18. Build a data pipeline testing framework

Scenario: Comprehensive testing for data pipelines.

Testing Framework:
┌─────────────────────────────────────────────────────────────┐
│                Data Pipeline Testing                         │
├─────────────────────────────────────────────────────────────┤
│                                                              │
│  ┌──────────────────────────────────────────────────────┐  │
│  │                 Unit Tests                            │  │
│  │  - Transformation logic                               │  │
│  │  - Data validation functions                          │  │
│  │  - Schema mapping                                     │  │
│  └──────────────────────────────────────────────────────┘  │
│                          │                                  │
│  ┌──────────────────────────────────────────────────────┐  │
│  │              Integration Tests                        │  │
│  │  - End-to-end pipeline execution                      │  │
│  │  - AWS service interactions                           │  │
│  │  - Data flow validation                               │  │
│  └──────────────────────────────────────────────────────┘  │
│                          │                                  │
│  ┌──────────────────────────────────────────────────────┐  │
│  │               Data Quality Tests                      │  │
│  │  - Row counts                                         │  │
│  │  - Schema validation                                  │  │
│  │  - Business rule validation                           │  │
│  │  - Referential integrity                              │  │
│  └──────────────────────────────────────────────────────┘  │
└─────────────────────────────────────────────────────────────┘

# Unit test for Glue transformation
import pytest
from pyspark.sql import SparkSession
from my_glue_job import transform_data

@pytest.fixture(scope="session")
def spark():
    return SparkSession.builder.master("local[*]").getOrCreate()

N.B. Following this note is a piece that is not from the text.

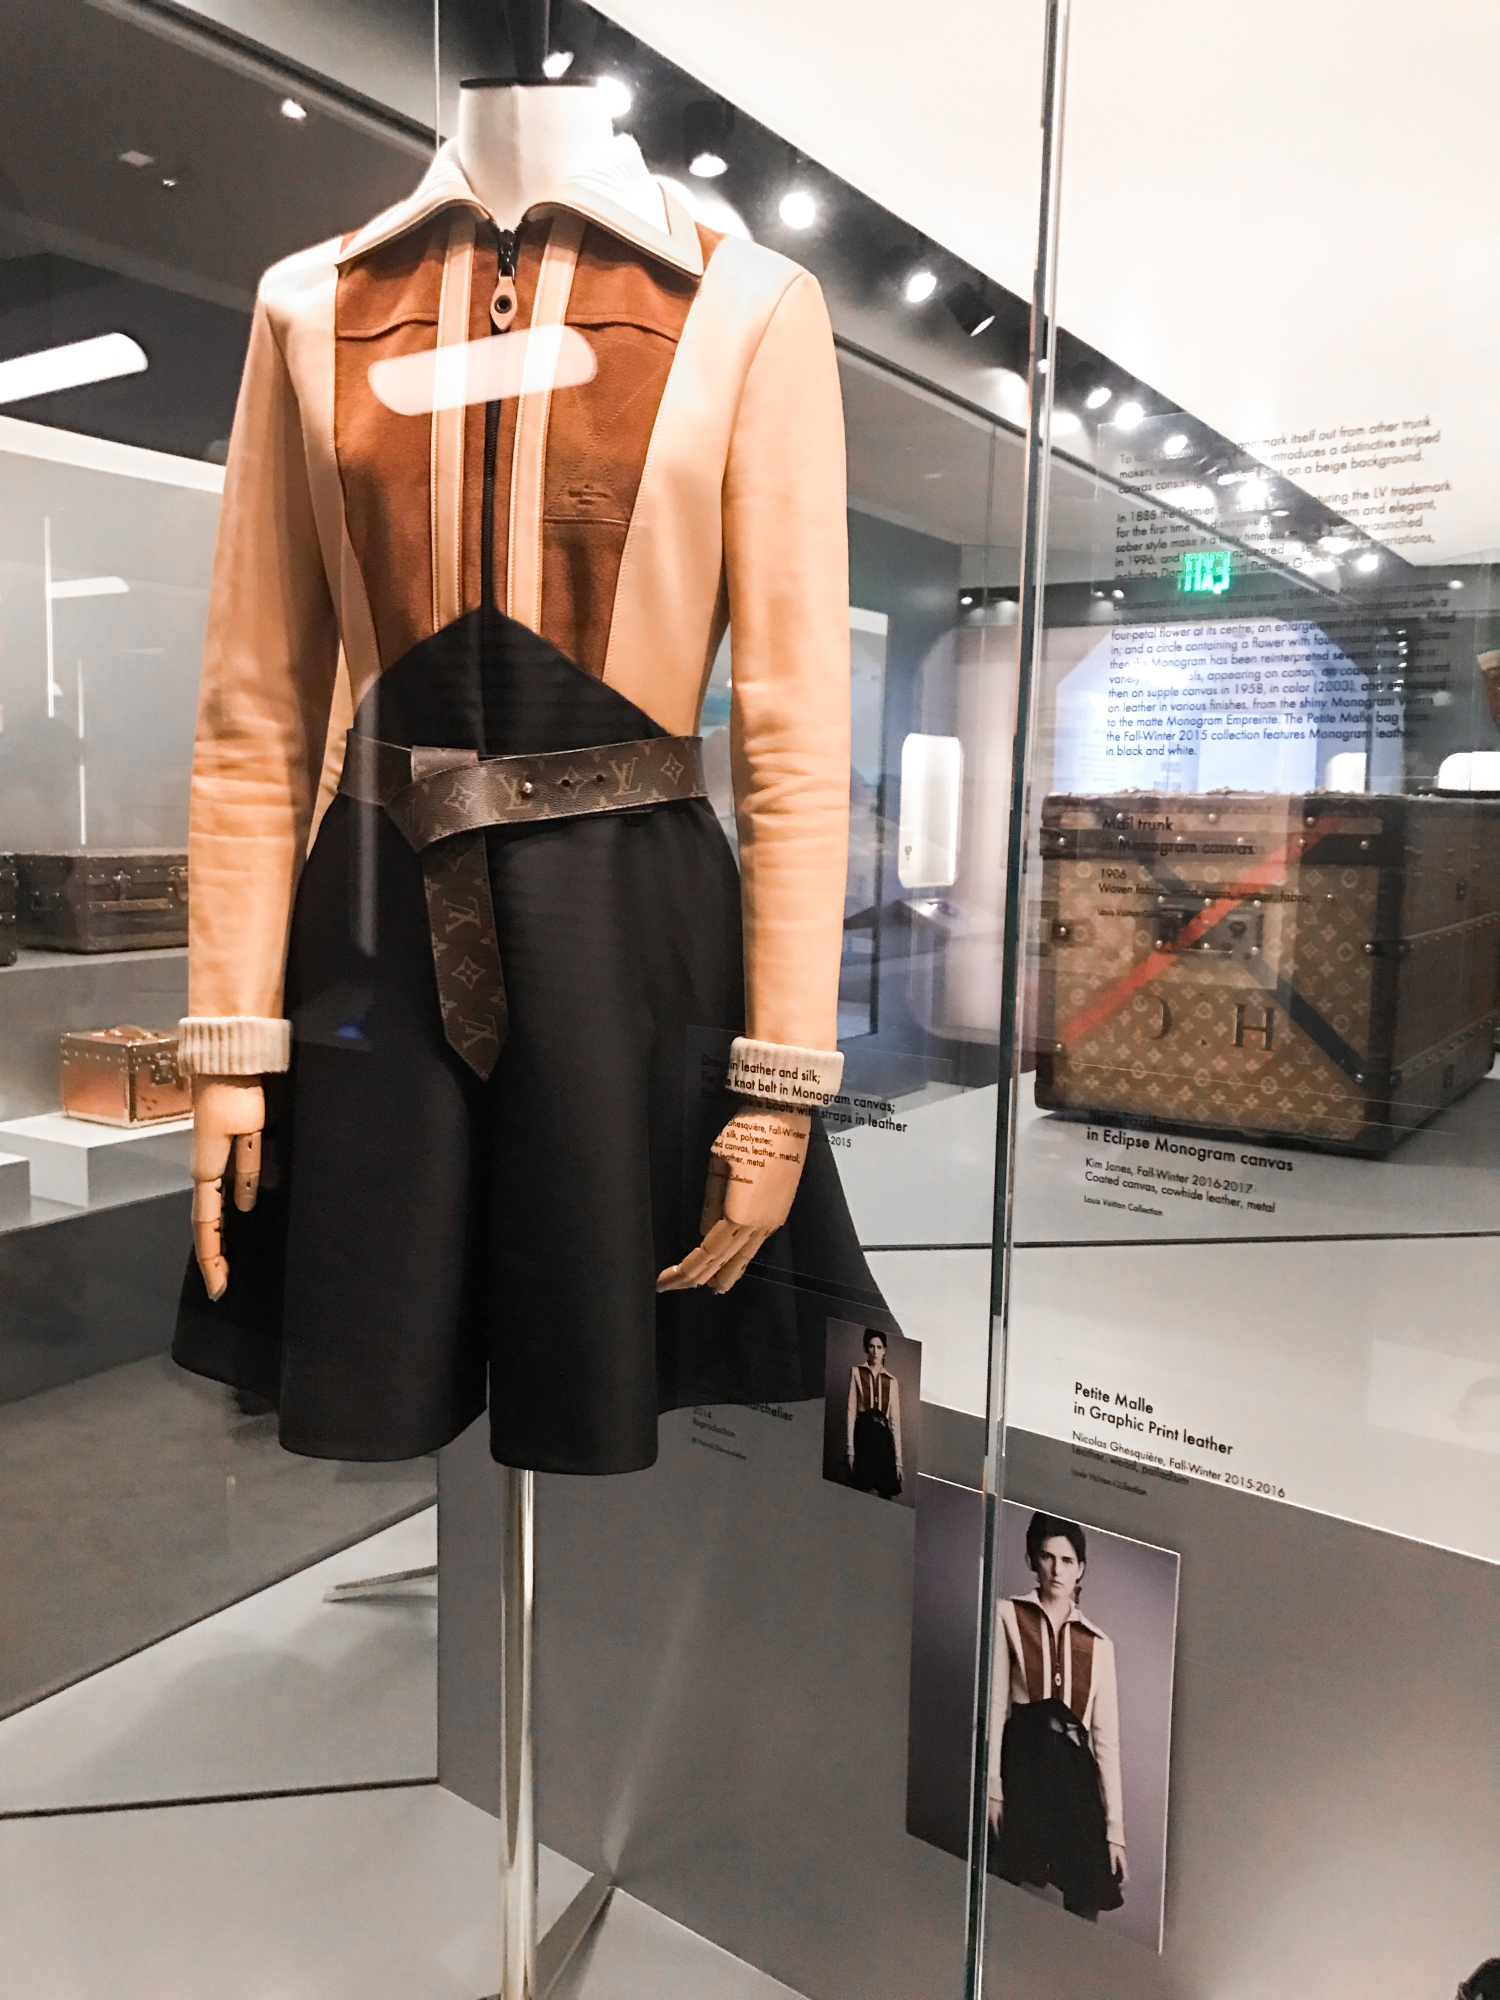 Ensembles and Exhibitions: Louis Vuitton’s Time Capsule Exhibition in LA

def test_transform_removes_nulls(spark):
    input_data = [
        {"id": 1, "name": "Alice", "email": "alice@test.com"},
        {"id": 2, "name": None, "email": "bob@test.com"},
        {"id": 3, "name": "Charlie", "email": None}
    ]
    input_df = spark.createDataFrame(input_data)
    
    result_df = transform_data(input_df)
    
    assert result_df.filter("name IS NULL").count() == 0
    assert result_df.count() == 2

def test_transform_standardizes_email(spark):
    input_data = [{"id": 1, "email": "ALICE@TEST.COM"}]
    input_df = spark.createDataFrame(input_data)
    
    result_df = transform_data(input_df)
    
    assert result_df.first()["email"] == "alice@test.com"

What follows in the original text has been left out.